The data:
■ ■ ■ ■ ■
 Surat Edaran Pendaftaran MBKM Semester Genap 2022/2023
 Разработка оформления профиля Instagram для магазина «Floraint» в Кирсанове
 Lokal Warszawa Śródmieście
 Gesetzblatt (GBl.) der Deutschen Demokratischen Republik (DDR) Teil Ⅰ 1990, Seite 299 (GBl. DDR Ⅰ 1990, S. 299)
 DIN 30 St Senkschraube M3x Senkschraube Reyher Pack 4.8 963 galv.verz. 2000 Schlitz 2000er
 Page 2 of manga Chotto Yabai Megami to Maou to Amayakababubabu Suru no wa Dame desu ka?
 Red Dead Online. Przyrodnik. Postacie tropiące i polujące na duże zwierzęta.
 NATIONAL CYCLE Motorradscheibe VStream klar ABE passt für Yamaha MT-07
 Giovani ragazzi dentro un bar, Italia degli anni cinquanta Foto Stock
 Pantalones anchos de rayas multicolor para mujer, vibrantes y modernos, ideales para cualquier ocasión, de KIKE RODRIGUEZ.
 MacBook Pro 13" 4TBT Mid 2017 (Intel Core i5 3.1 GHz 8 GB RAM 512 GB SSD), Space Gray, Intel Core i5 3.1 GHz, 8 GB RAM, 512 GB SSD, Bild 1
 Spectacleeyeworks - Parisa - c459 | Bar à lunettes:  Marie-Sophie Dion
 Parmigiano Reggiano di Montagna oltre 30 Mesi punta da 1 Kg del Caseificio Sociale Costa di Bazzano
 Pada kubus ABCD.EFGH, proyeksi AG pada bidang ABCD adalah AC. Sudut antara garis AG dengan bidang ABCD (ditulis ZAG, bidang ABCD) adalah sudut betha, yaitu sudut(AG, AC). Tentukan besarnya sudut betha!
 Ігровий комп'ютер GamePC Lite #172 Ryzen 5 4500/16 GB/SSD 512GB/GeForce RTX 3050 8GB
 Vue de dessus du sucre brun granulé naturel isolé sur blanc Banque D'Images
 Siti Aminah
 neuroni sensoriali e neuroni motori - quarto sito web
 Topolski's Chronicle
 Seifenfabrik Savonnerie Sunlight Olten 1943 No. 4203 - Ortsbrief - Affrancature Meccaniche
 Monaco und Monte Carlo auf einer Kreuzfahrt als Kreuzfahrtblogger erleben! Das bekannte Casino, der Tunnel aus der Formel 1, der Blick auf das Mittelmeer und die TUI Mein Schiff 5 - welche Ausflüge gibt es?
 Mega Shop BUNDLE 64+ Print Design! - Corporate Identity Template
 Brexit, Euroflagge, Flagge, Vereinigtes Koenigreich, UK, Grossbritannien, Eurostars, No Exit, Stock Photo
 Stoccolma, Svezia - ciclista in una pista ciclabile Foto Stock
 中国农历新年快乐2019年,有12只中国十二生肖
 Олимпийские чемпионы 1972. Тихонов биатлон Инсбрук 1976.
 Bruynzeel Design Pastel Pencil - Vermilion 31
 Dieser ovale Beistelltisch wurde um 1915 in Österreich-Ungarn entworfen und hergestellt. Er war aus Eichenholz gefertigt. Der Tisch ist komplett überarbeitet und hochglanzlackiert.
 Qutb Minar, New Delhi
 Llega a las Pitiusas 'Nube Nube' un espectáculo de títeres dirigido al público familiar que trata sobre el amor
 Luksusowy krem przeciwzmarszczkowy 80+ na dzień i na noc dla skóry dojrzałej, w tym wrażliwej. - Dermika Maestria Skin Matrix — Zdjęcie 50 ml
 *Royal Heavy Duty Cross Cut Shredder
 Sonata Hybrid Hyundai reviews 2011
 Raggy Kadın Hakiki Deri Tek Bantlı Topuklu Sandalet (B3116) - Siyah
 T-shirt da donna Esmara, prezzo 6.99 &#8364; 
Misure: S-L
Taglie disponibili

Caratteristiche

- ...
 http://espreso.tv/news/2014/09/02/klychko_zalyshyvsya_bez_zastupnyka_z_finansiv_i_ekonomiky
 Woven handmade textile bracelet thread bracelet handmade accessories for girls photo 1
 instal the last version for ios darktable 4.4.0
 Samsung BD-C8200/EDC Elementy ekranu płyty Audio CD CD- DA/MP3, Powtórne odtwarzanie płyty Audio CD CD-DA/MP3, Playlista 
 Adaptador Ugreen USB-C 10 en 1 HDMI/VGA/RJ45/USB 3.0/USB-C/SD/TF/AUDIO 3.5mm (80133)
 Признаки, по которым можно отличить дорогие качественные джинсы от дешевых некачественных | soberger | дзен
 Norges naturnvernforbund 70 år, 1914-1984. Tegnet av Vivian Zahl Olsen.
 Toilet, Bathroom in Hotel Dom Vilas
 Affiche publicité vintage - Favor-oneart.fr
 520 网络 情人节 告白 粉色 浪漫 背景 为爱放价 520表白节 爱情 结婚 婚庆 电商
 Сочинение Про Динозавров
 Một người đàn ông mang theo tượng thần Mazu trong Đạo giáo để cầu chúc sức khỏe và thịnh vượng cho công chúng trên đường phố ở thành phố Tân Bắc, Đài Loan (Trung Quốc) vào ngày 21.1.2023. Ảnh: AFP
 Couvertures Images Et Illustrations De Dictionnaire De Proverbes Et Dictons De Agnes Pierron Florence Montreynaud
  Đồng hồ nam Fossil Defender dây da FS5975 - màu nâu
■ ■ ■ ■ ■
Work instructions: Show each line of the data that contains the string "Design".

Exercise result:
 Mega Shop BUNDLE 64+ Print Design! - Corporate Identity Template
 Bruynzeel Design Pastel Pencil - Vermilion 31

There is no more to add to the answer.